Had a 2.5-3.5 hr playing session yesterday. Got a lot of tips from better players around me and I did some intense drilling for one hour. Mainly movement and correcting a lot of my FH and BH strokes. Getting coaching really helps. Being tall and trying to stay low for practice was exhausting and my back and arm are incredibly sore.
My wrist seems to bend backwards when attempting my strokes, like my wrist automatically became a windshield wiper. I later figured out that I was gripping the paddle way too tightly and loosening it definitely helped the power I was getting. Explains why my forearm is insanely sore.
My stroke and focus on training close to the table made me realize how ill-equipped I am from mid to long range as I miss like over 30% of shots from that range. Going to drill this a lot tonight. Probably another 2 hour session and I'll completely pass out tonight haha.
I'm also extremely jealous of those that can squat down low and attempt a spinny forehand loop. I misread it and keep my paddle a little higher and the ball just bites down. I'll get used to this.
While it has limitations as a tool, try to use your swing trajectory as a guide for the ball. In broad terms, the shape of your stroke should guide the ball and also be used to adjust to the incoming spin.

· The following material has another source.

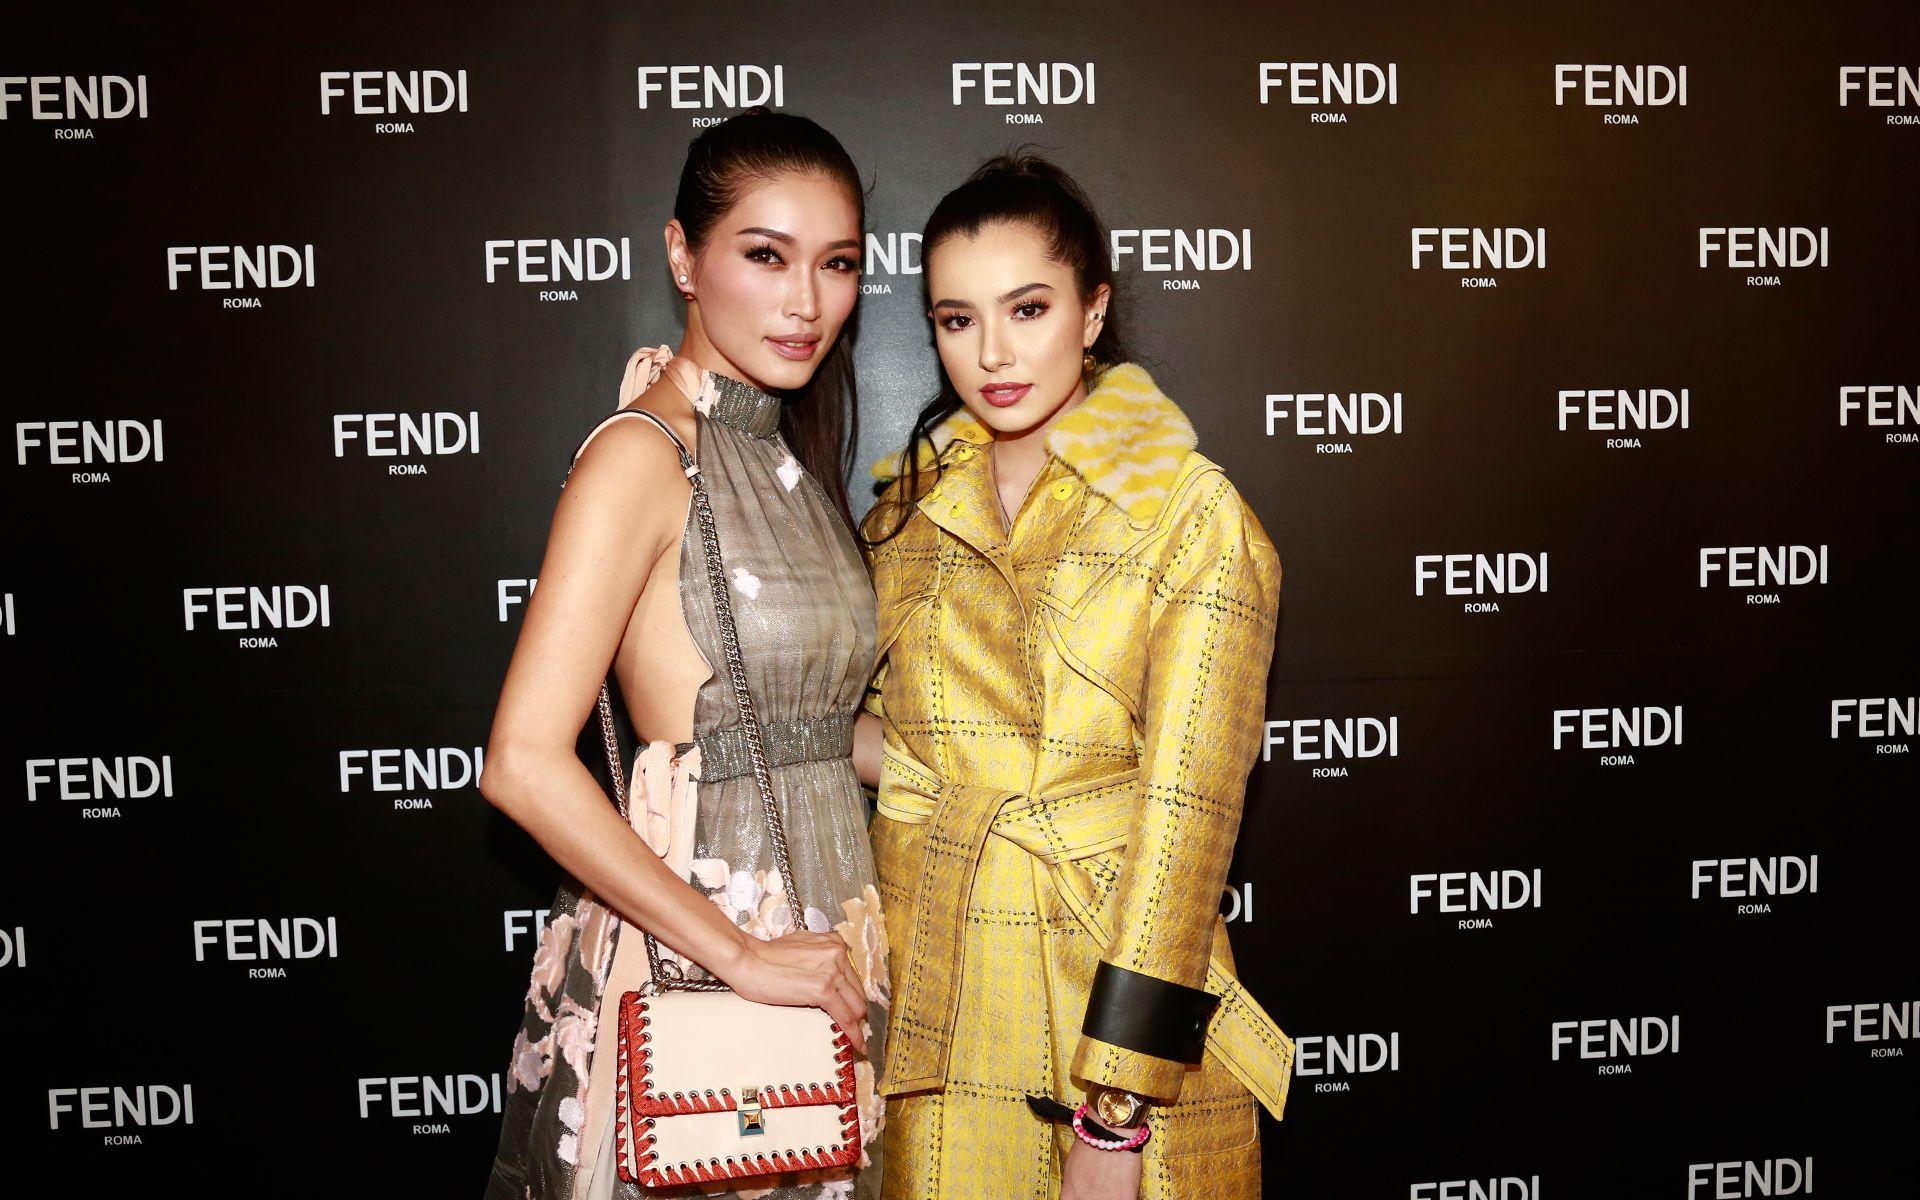 Amber Chia and Amelia Henderson

As an upright player, I can speak about the value of being upright vs getting lower. The main value is being able to start below the ball for most strokes in order to get decent topspin. Because I have long arms, I can get away with being a bit more upright than I should be. However, nothing in life is free - when you are lower, your swing trajectories can have a more natural forward component than they would when you are upright, where more of your momentum will be upwards. That said, you can compensate for the swing planes. But you have to be aware of the tradeoffs because even as upright as I usually play, I sometimes have to get lower for service return and third balls against a certain kind/level of player as I can't generate the quality I need to against their ball trajectories or spin quality without it.
The benefits of being low noted, I point this out because I see many players beating themselves up over playing upright, but not realizing that a lot of it can be compensated by adjusting your swing trajectory if you have the right mindset. And to me, many people who start learning later, especially with some of the issues you can get trying to stay low, should just learn to compensate with reasonable swing trajectories so that they don't find playing table tennis too painful. But to each his own, just need to help people be aware that you can play decent table tennis without being low all the time, though there are limits on what you can do with low balls when you are not low relative to the table.